Moreover, this course can be combined with Andrew`s ML so that we can have both theoritical concepts and practical experience of Machine Learning in python.
por T.V.S T•
This course gives you a very good knowledge how to apply machine learning techniques (mostly supervised learning) and basic things, like how to preprocess the data and what are the pros and cons of various models and which models to be used based on the kind of data given, and many more basics which are required for a deeper understanding of Machine Learning
The content (slides, python scripts) is very structured. The lecturer explained very clearly. The reference articles were super inspiring. Also, the assignment is very well designed and relevant to what's covered (in comparison, some other courses might have very difficult assignments which need much more self-learning and cause frustration). Thank you!!
por Benjamin M L•
Excellent course, easy to understand, useful and enjoyable to do! Two minor comments: it took me a longer than the estimated times to complete the Quizzes; I have Python programming proficiency and a small amount of background in Machine Learning. I would have preferred the final assessment to have an extension to it which required a more advanced model.
por Fabrice L•
Great course!! And this field of science/technology is fascinating.
The only comment that I would do is that it might have been useful to include a whole pipeline on the creation of a simple machine learning software from the data collection to the end result. I guess that is the goal of the next course on text processing, so I'm looking forward to it.
por David V•
Machine Learning is today a buzzword and you do not really know what it is until you do it. The University of Michigan has put together a great program that takes you from the basics of Python to the latest Machine Learning techniques.
I started without knowing Python, and well, I cannot say that it has always been easy, but I DID IT!
por Oleksandr T•
Thank you all for such an awesome series of courses.

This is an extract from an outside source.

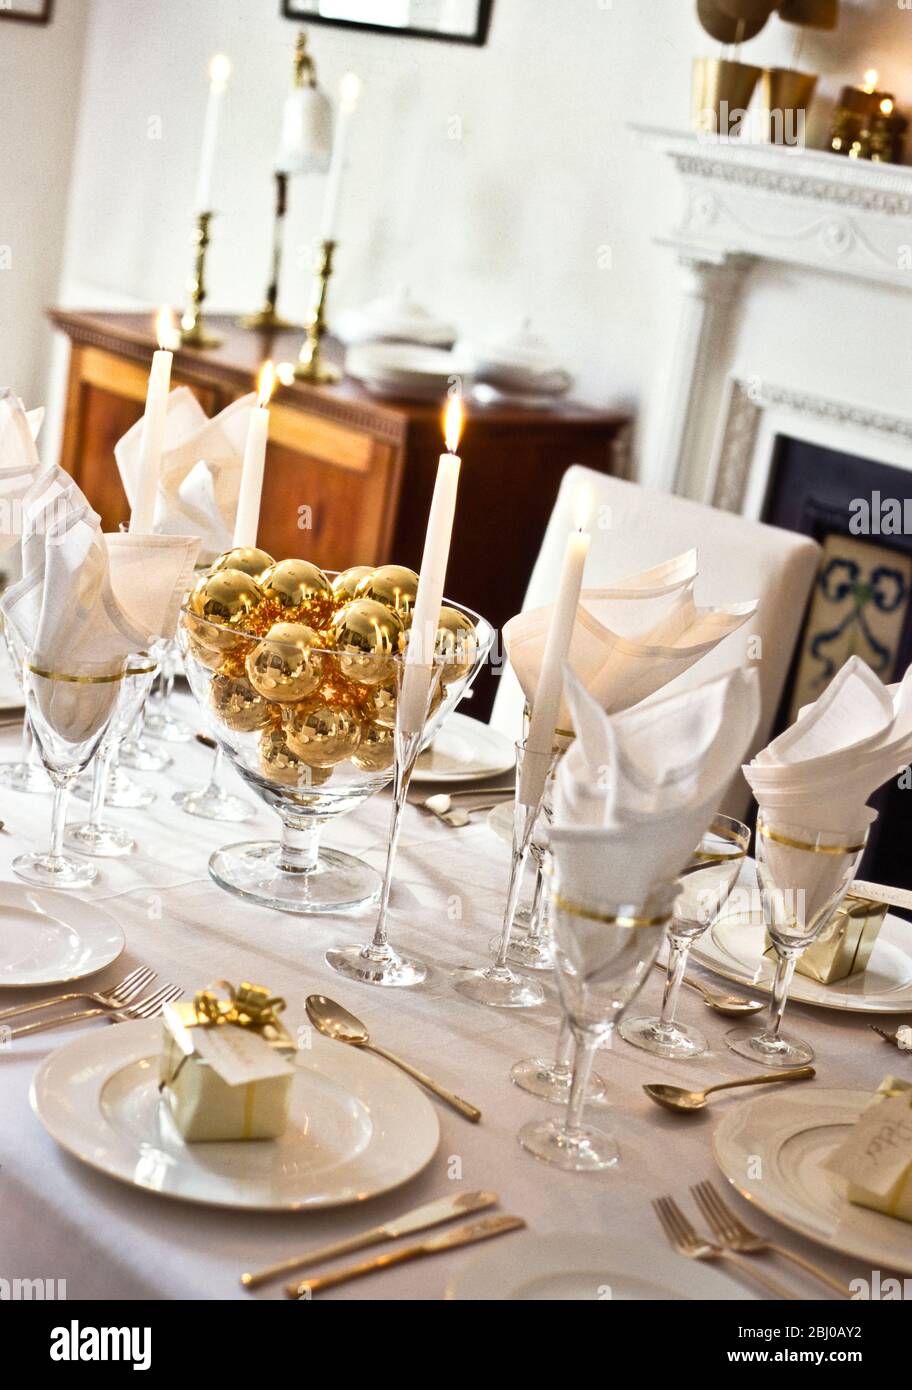 Tisch für Weihnachten oder einen besonderen Anlass wie eine goldene Hochzeit Partei in eleganten weißen Speisesaal gelegt - Stockfoto

I find these courses really challenging, especially the final assignment. But it is rewarding too, coz you feel, that you CAN solve such tasks in real life too.
Thank you Michigan team for such efforts. During the last 1.5 years I managed to progress from 0 programming knowledge to solving ML tasks
por Callum Z Y Y•
It was a good introduction to machine learning. The assignments and quizzes were well designed to encourage self-learning, which in my opinion is one of the most valuable skills an aspiring data scientist could learn. All in all I am very satisfied with the course and I look forward to enrolling in the other courses in the specialization.